The players were also smart to offer the concessions in the form of a “challenge”, making them conditional upon the raising of matching funds. And bravo to their new Music Director Marin Alsop for putting up $50,000 early on toward that match; pretty remarkable, given the fact that the orchestra didn’t treat her hiring by the board of directors with a lot of enthusiasm. Maybe all is well on that front. She’s a fine conductor and those who were less than respectful perhaps realize that by now.
So, here’s to at least one orchestra that has embraced the idea that each musician is responsible not only for the music, but for the stability of the organization for which they play. I could have said, “by which they are employed,” but orchestras are nothing like for-profit businesses, even if they are unionized like GM or the NBA.
Musicians “earn a living” making art for an audience that isn’t willing to pay what it really costs to present, so the balance of every orchestra’s budget must be raised by other means, mostly donations, through the efforts of board and staff members, and volunteers.
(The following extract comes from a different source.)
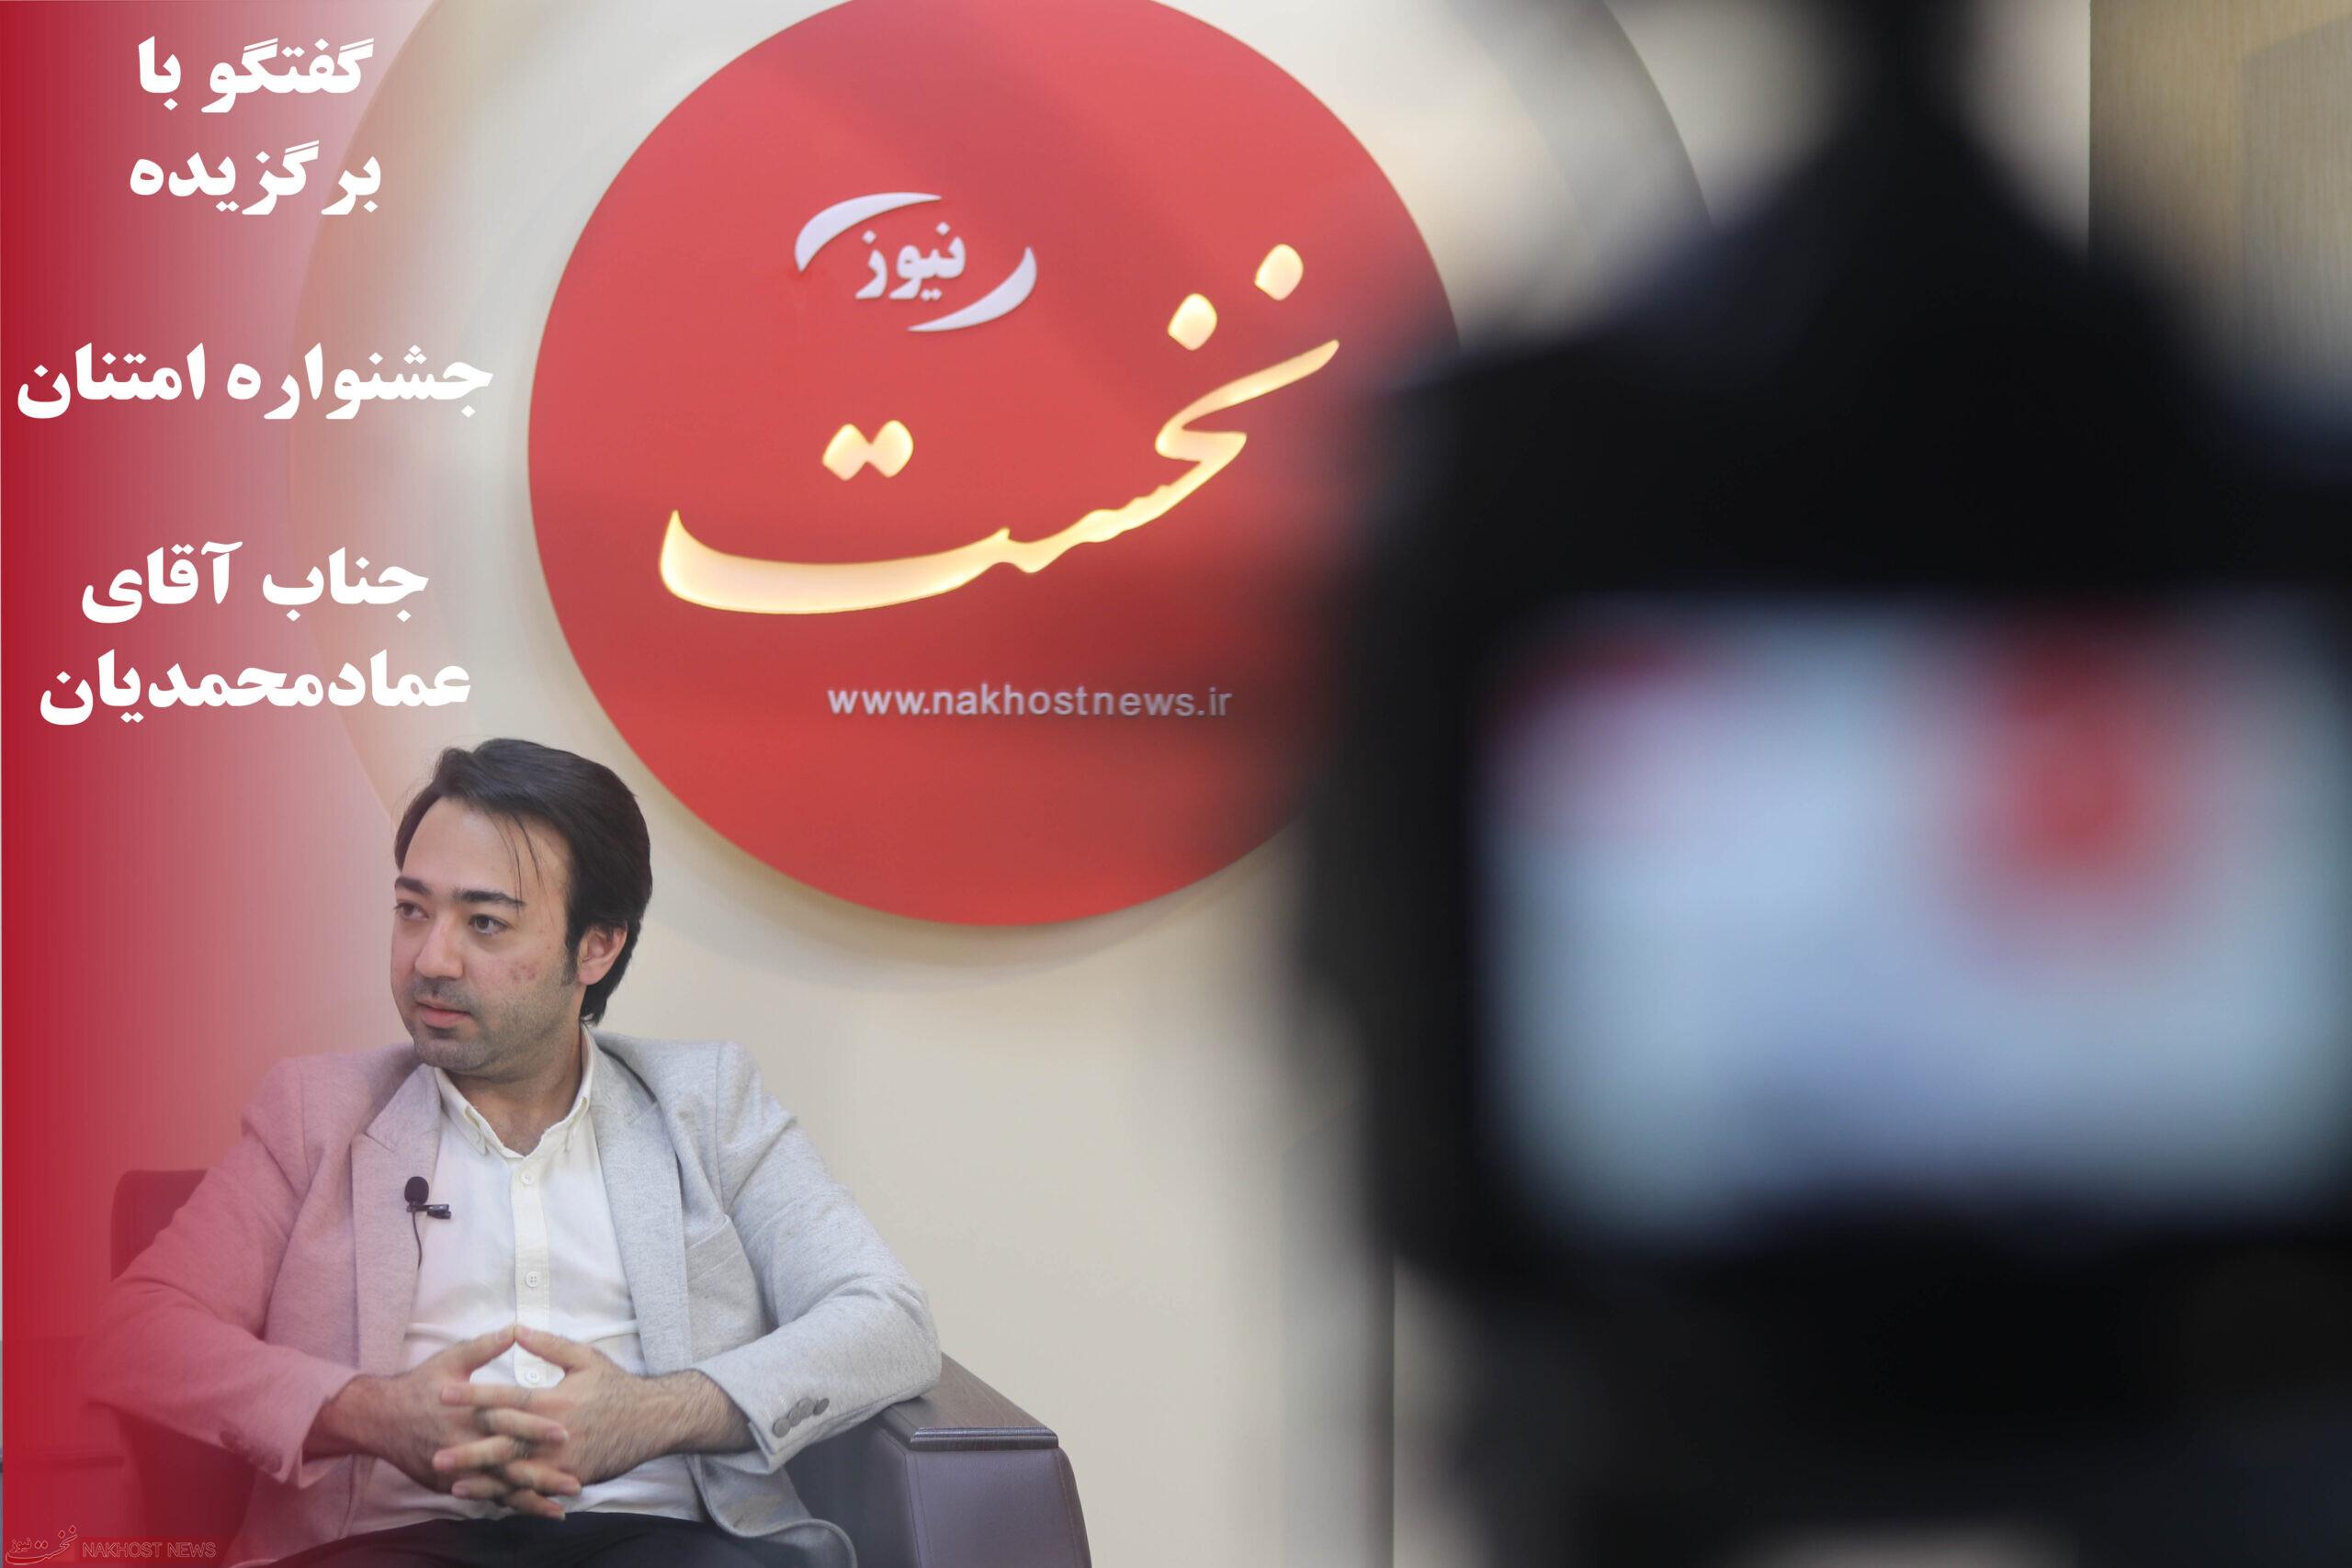 گفتگو با جناب آقای محمدیان ، برگزیده جشنواره امتنان

Not a great business model.
They work no more than 20 hours a week (one of the holy writs of the industry), though they’re expected to be prepared for every rehearsal or performance (more often than not, they are), and most of them use their free time to teach and play “gigs” of one sort or another. Compare them to, say, the large majority of poets or novelists who must pay the bills through other or indirectly related work, teaching if they’re lucky. (I still have the first and only $5 check I ever got for writing.)
Symphony orchestra musicians are indeed a privileged group, and it’s great to see that those of the BSO understand that fact.